Although the Geneva Convention remains the reference framework in the field of asylum law, it is sometimes criticized for having a “narrow and partisan” conception of the protection of asylum seekers, as its imprecise definitions have allowed some states to make arbitrary arrangements regarding the implementation of asylum legislation and the recognition of refugee status. The very definition is “vague” and has been designed to protect a “particular group” of individuals, thus excluding many.
States have attempted to ‘objectively’ assess the various political situations in countries of origin, including respect for fundamental rights, to decide whether an asylum seeker’s fear of persecution is real. This is problematic because such assessments of a country’s political situation do not generally reflect the persecution experienced by certain groups or individuals within that State. As a result, “such generalized judgments about the human rights situation in different countries of origin often ignore specific types of persecution, and in particular gender-based persecution.”
On the other hand, the 1951 Convention and other international treaties on refugees and asylum are based on gender-neutral principles.
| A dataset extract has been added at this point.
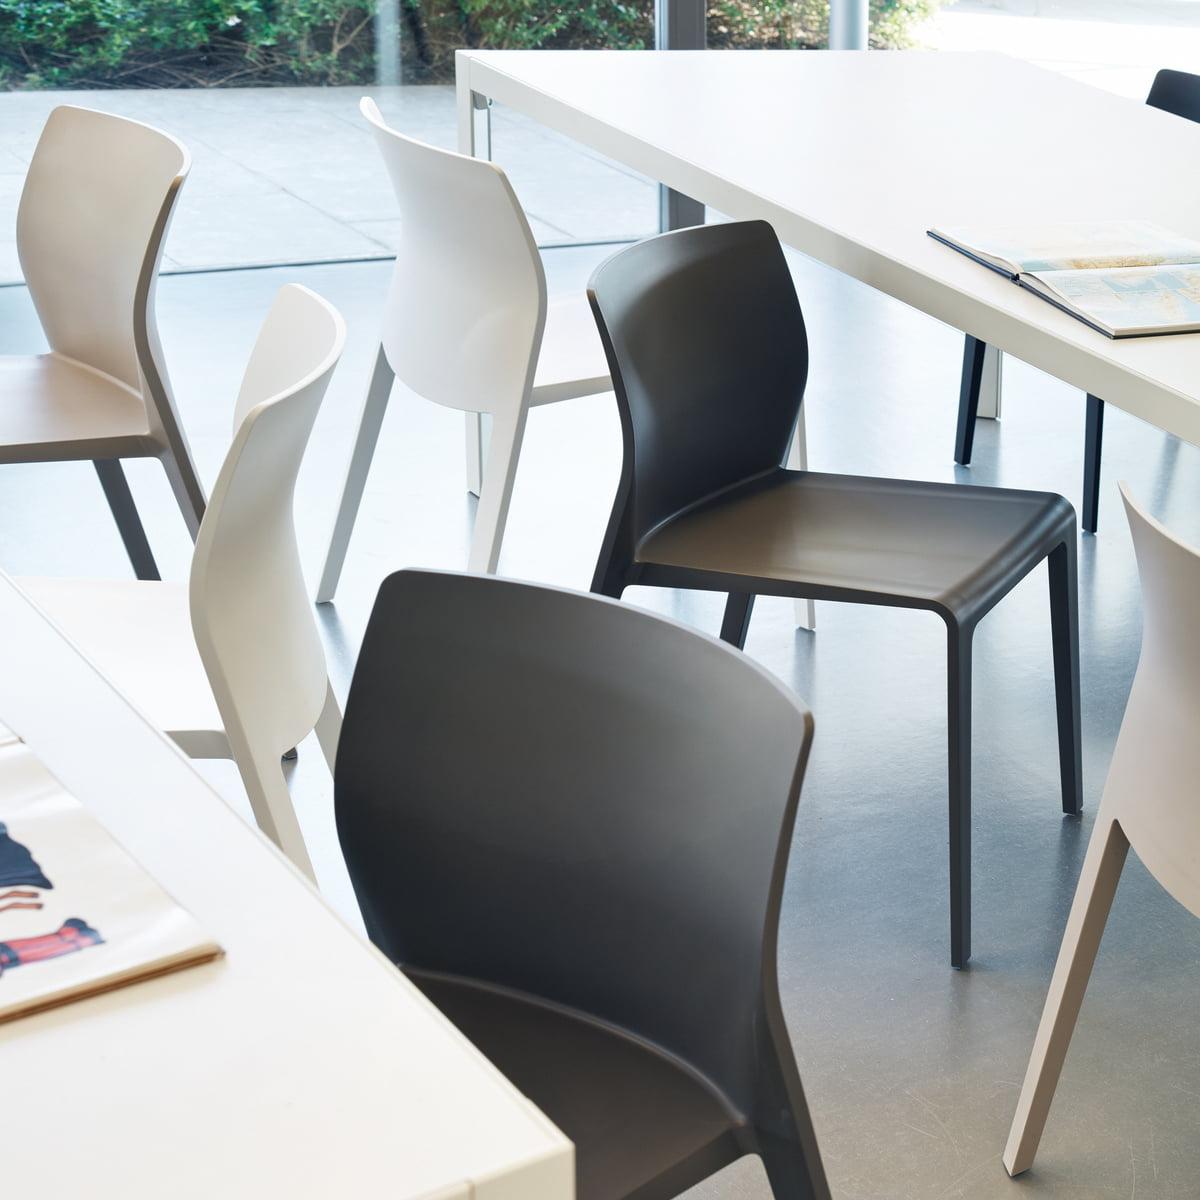 juno chair by arper in our interior design shop - arper  juno chair

However, some feminist critics argue that these texts have been primarily inspired by male models of persecution, which makes them incompatible with the efficient protection of women.
These treaties are, in fact, full of fundamentally gendered attitudes and procedures. They, therefore, do not adequately protect women, as the persecution experienced by women is not recognized as such because it is different and causes. Refugee and asylum law has always been interpreted with the idea that asylum seekers are predominantly male, which has reflected and amplified the gender discrimination already existing in European countries. Despite a desire for gender neutrality, the Geneva Convention was primarily written by men who denied that in many countries, women are persecuted for the sole reason of being women.
The Geneva Convention was drafted in a systemic historical context of the Second World War and the beginning of the Cold War. The provisions made by Western countries were mainly aimed at individuals fleeing the Soviet Union. It was inconceivable at the time to imagine an influx of people seeking asylum as a result of conflicts, wars, or natural disasters. Thus, Jérôme Valluy and Jane Freedman argue in their book on women’s persecution that “such limitations on the refugee definition continue to have important implications today, and imply that many women face difficulties in obtaining refugee status.”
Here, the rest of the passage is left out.